- Theatrical release poster
- Directed by: R. Thyagarajan
- Written by: Thooyavan (dialogues)
- Screenplay by: Vijaya Kaul
- Story by: Vijaya Kaul
- Produced by: C. Dhandayuthapani
- Starring: Karthik Suresh Radha Suhasini Urvashi
- Cinematography: V. Ramamoorthy
- Edited by: M. G. Balu Rao
- Music by: Bappi Lahiri
- Production company: Devar Films
- Release date: 4 November 1983;
- Country: India
- Language: Tamil

= Apoorva Sahodarigal =

Apoorva Sahodarigal is a 1983 Indian Tamil-language action film directed by R. Thyagarajan and produced by Devar Films.

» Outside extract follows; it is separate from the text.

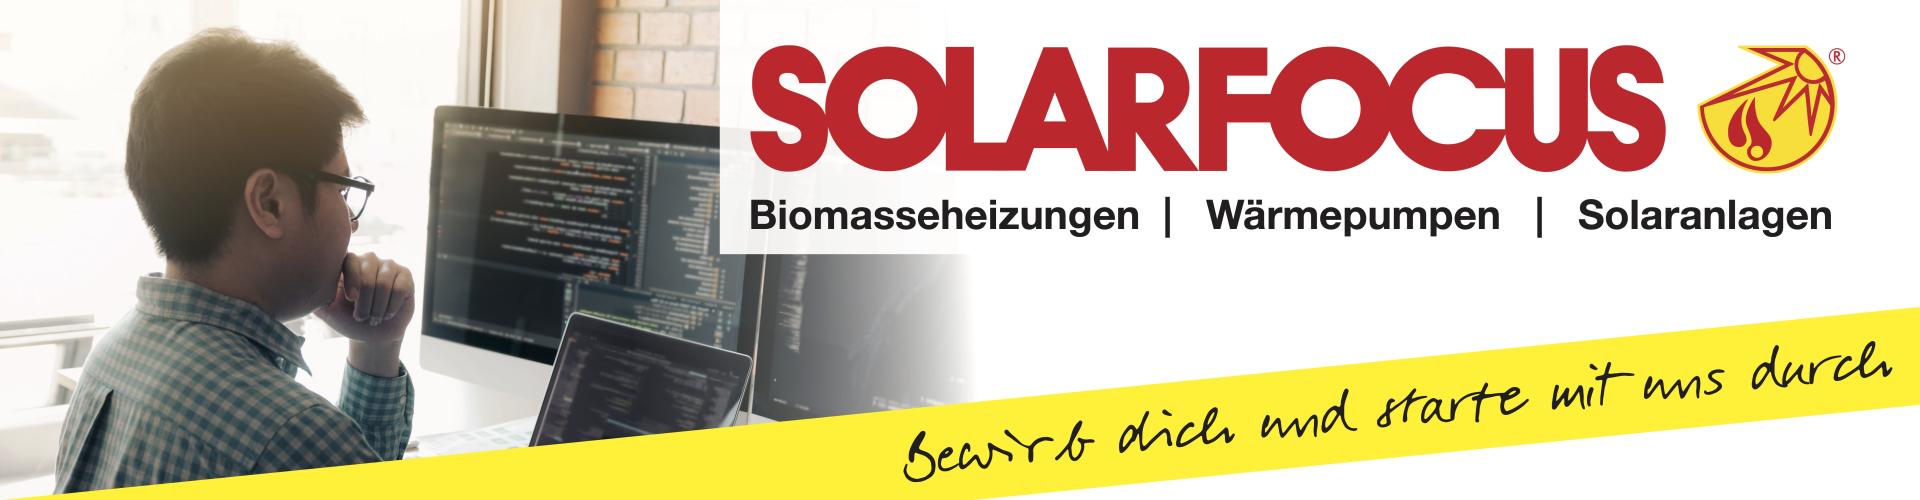 Solarfocus GmbH cover

The film stars Karthik, Suresh, Radha, Suhasini and Urvashi. It was released on 4 November 1983, and became a success.

== Soundtrack ==
The soundtrack was composed by Bappi Lahiri, with lyrics by Vaali. The disco song "My Name is Rosy" attained popularity.

Track listing
| No. | Title | Singer(s) | Length |
|---|---|---|---|
| 1. | "Ennai Yaarum" | S. P. Balasubrahmanyam, S. Janaki |  |
| 2. | "Annai Ennum" | S. Janaki |  |
| 3. | "Nallathukku" | S. P. Balasubrahmanyam, S. Janaki |  |
| 4. | "Ondre Engal Jeevan" | S. P. Balasubrahmanyam, S. Janaki |  |
| 5. | "My Name is Rosy" | S. P. Balasubrahmanyam, S. Janaki |  |
| 6. | "Engenge Nee Thaan" | S. P. Balasubrahmanyam, S. Janaki |  |

== Critical reception ==
Jayamanmadhan of Kalki wrote even if it is a tiny plot, they keep telling it without hesitation and the film ends quickly before we sit up straight. Balumani of Anna praised the acting, music and called it a film made for general audiences who love masala films.